- How to complete this task
An exact copy of the data is required. No picture may appear in it.

*** Opening of The data ***

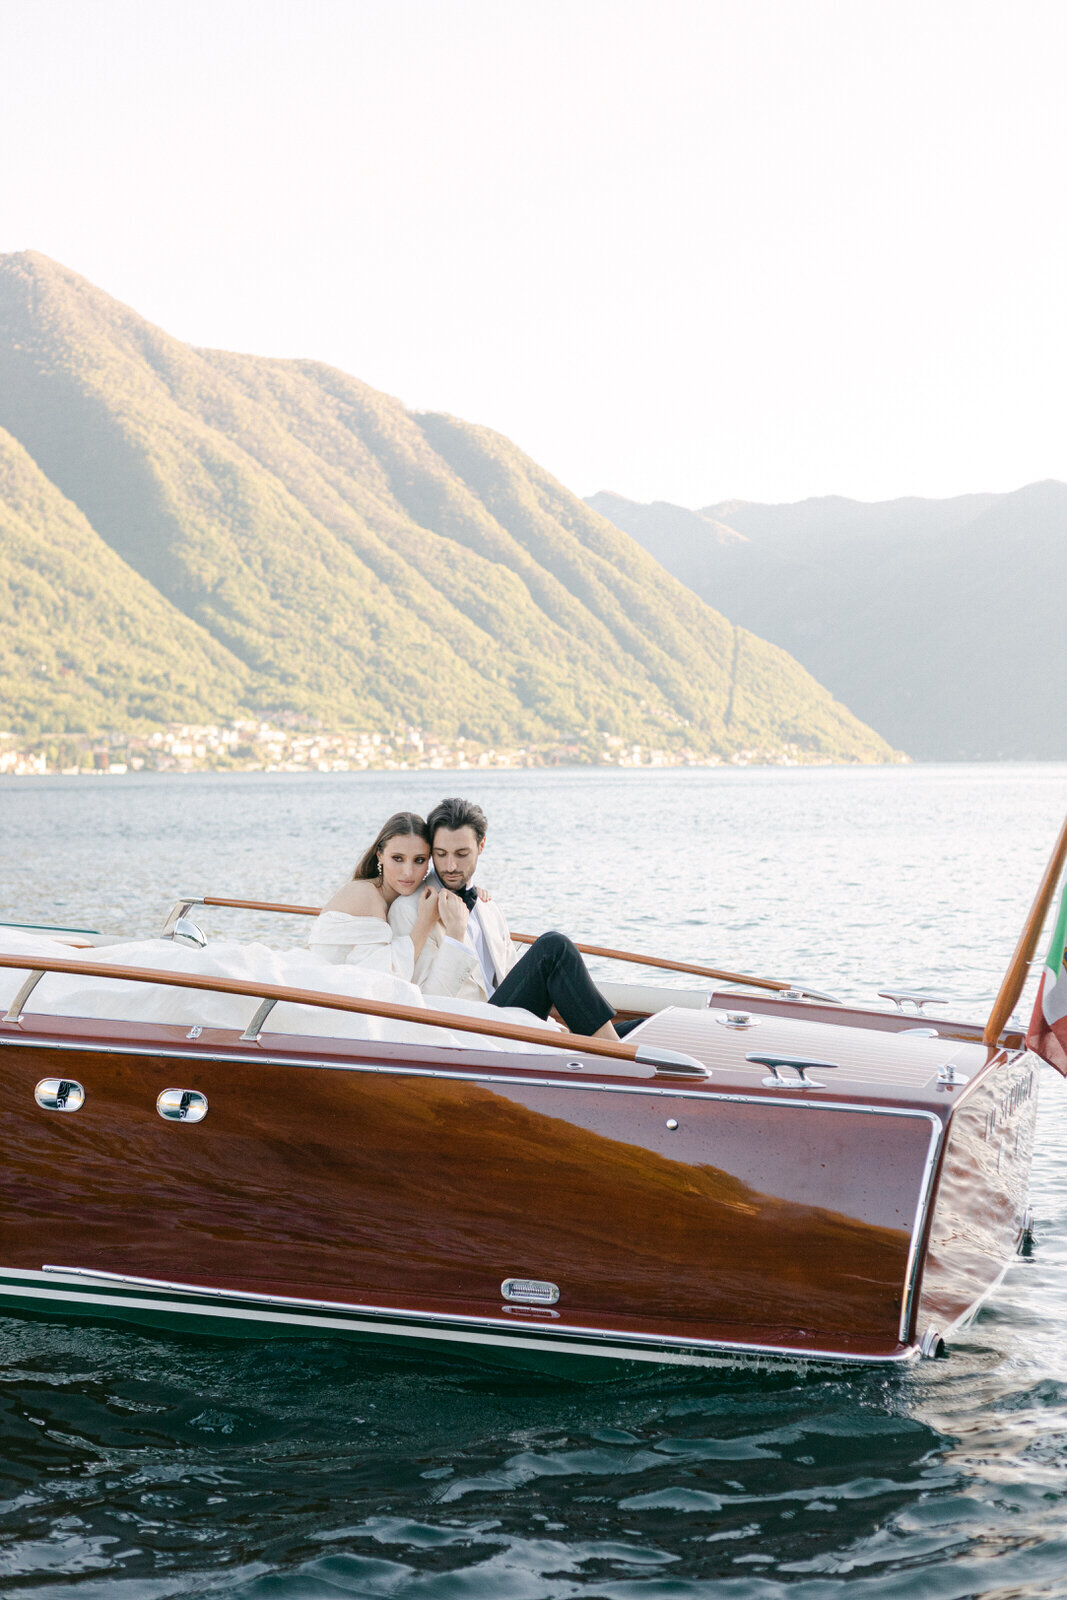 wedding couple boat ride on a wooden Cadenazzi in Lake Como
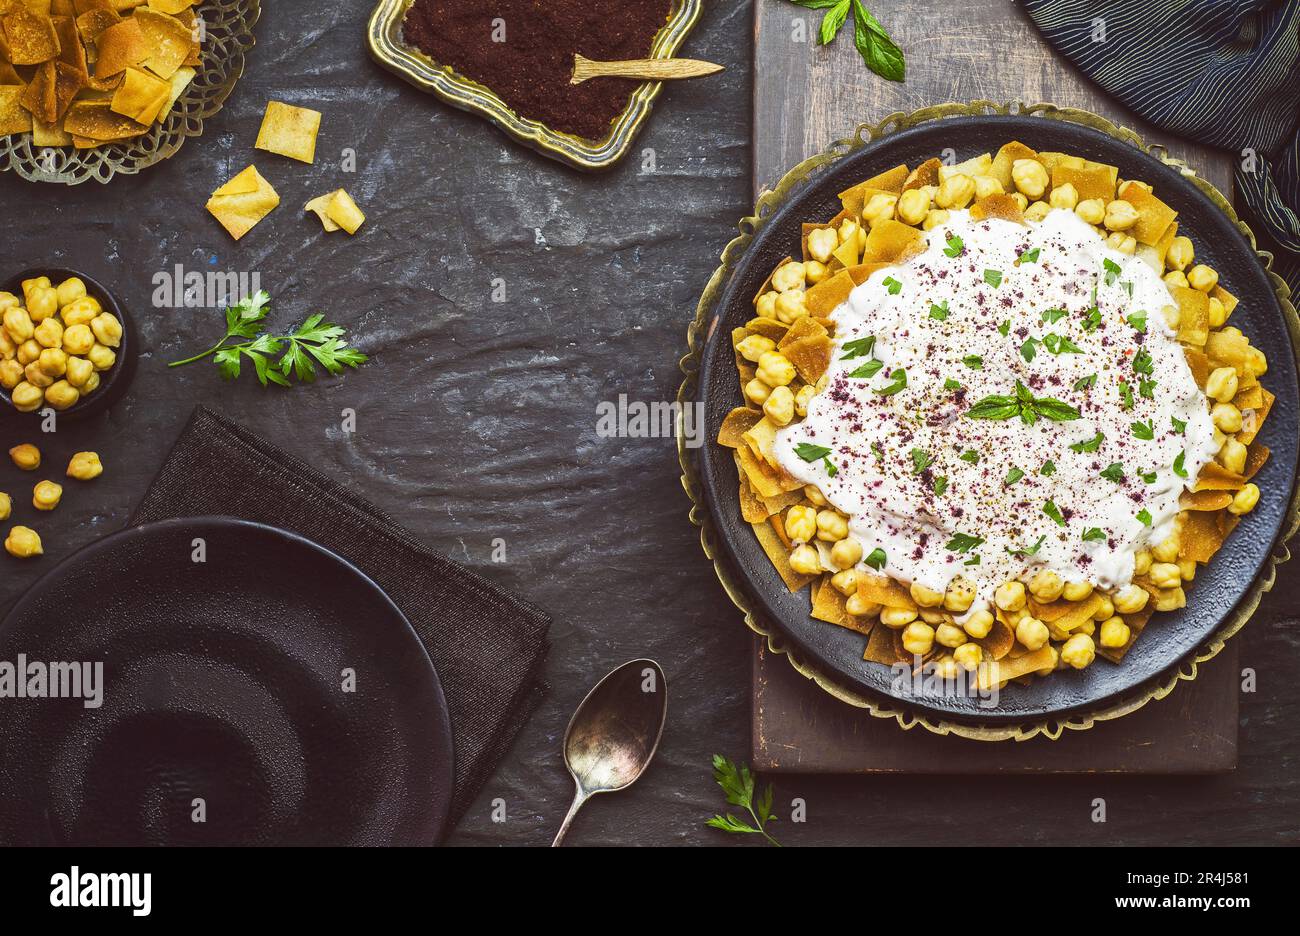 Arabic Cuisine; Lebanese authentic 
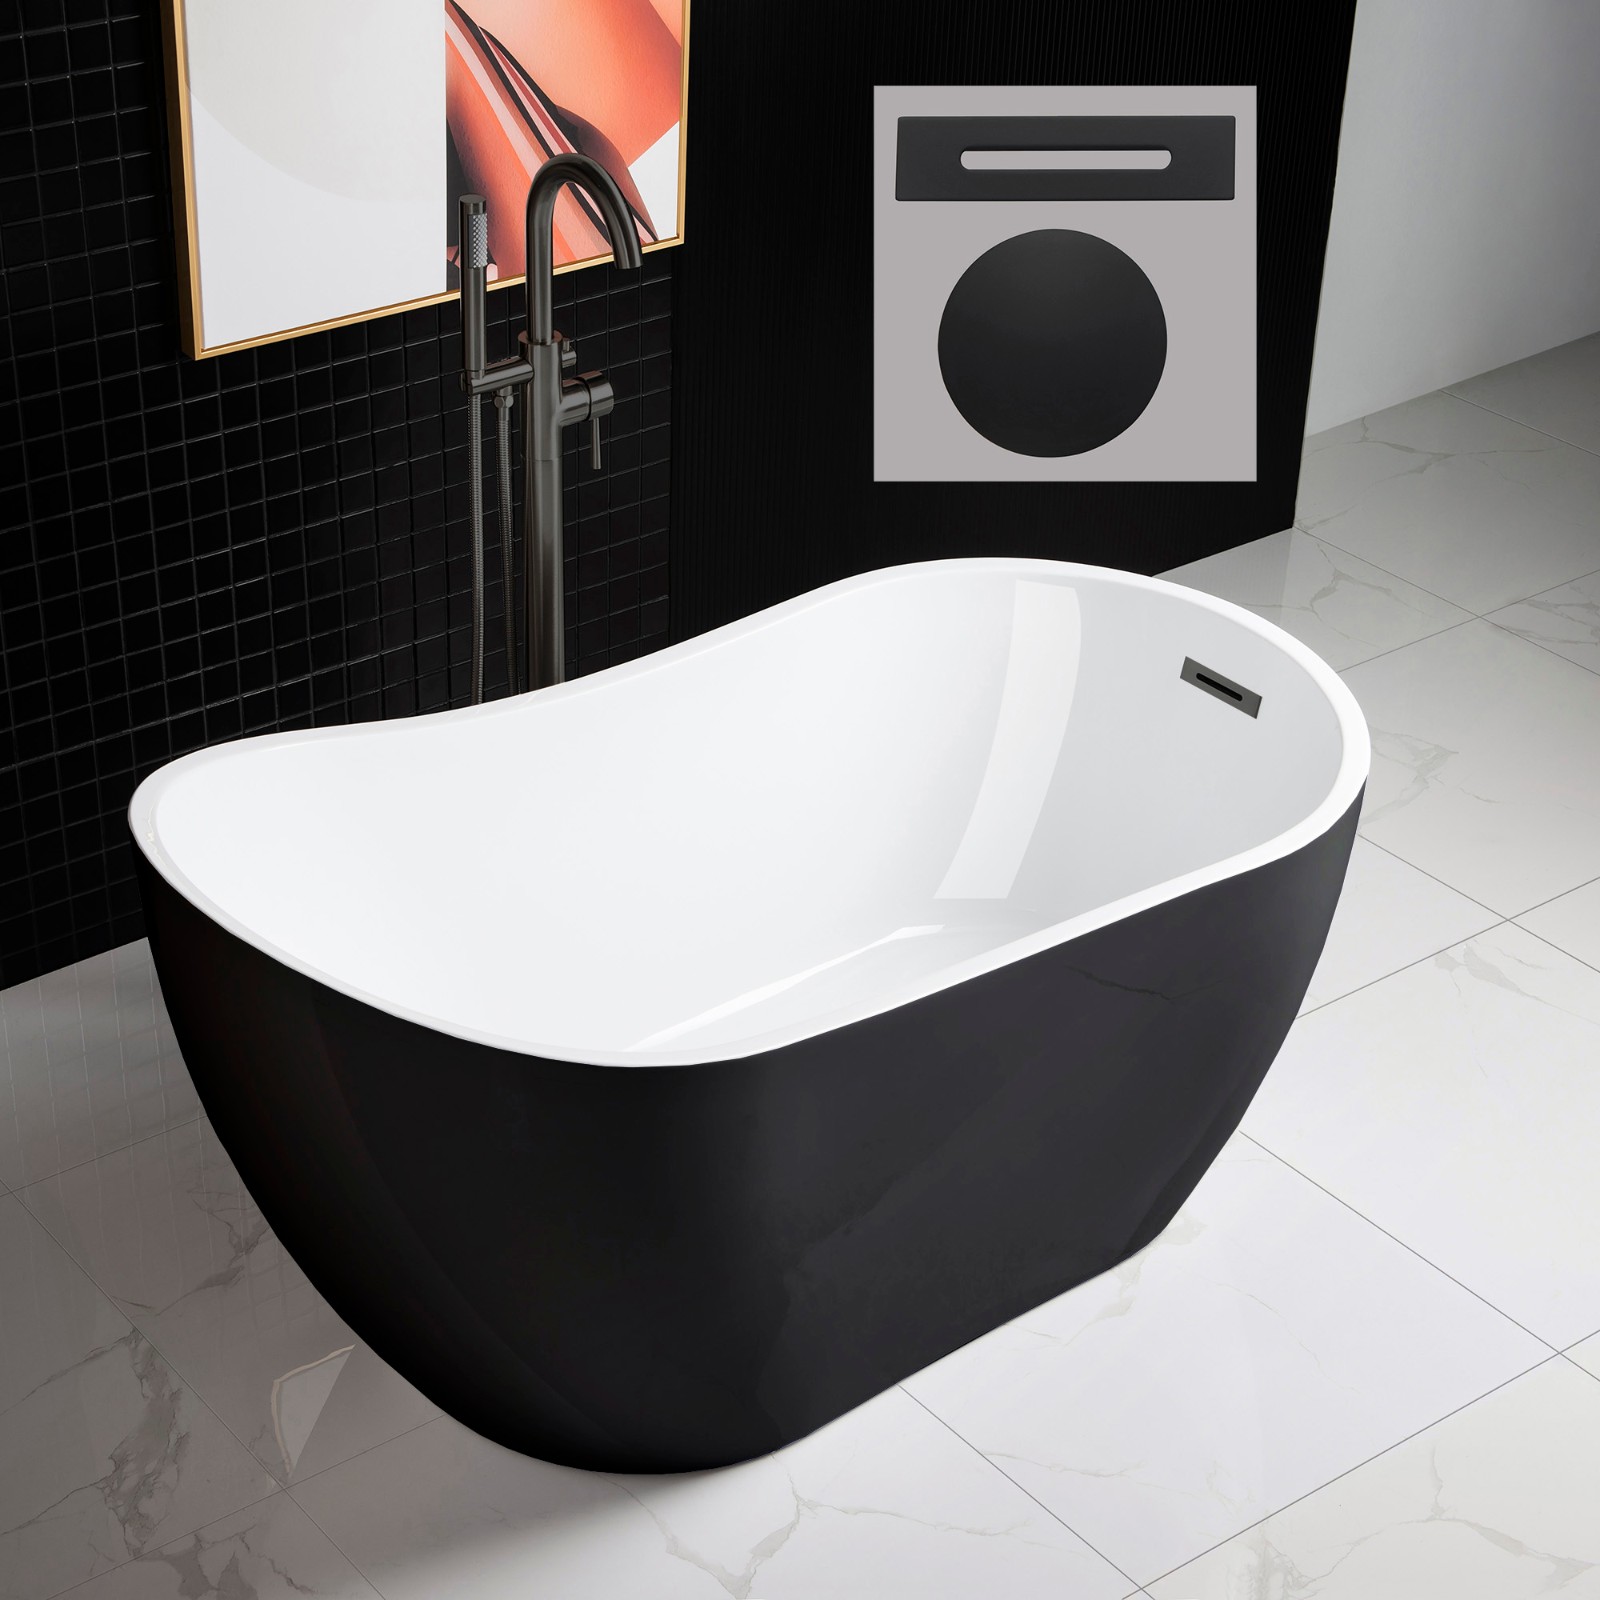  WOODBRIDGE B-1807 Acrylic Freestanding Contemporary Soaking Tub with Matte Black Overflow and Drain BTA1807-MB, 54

*** Close of The data ***

- Answer section
 wedding couple boat ride on a wooden Cadenazzi in Lake Como
 Arabic Cuisine; Lebanese authentic 
  WOODBRIDGE B-1807 Acrylic Freestanding Contemporary Soaking Tub with Matte Black Overflow and Drain BTA1807-MB, 54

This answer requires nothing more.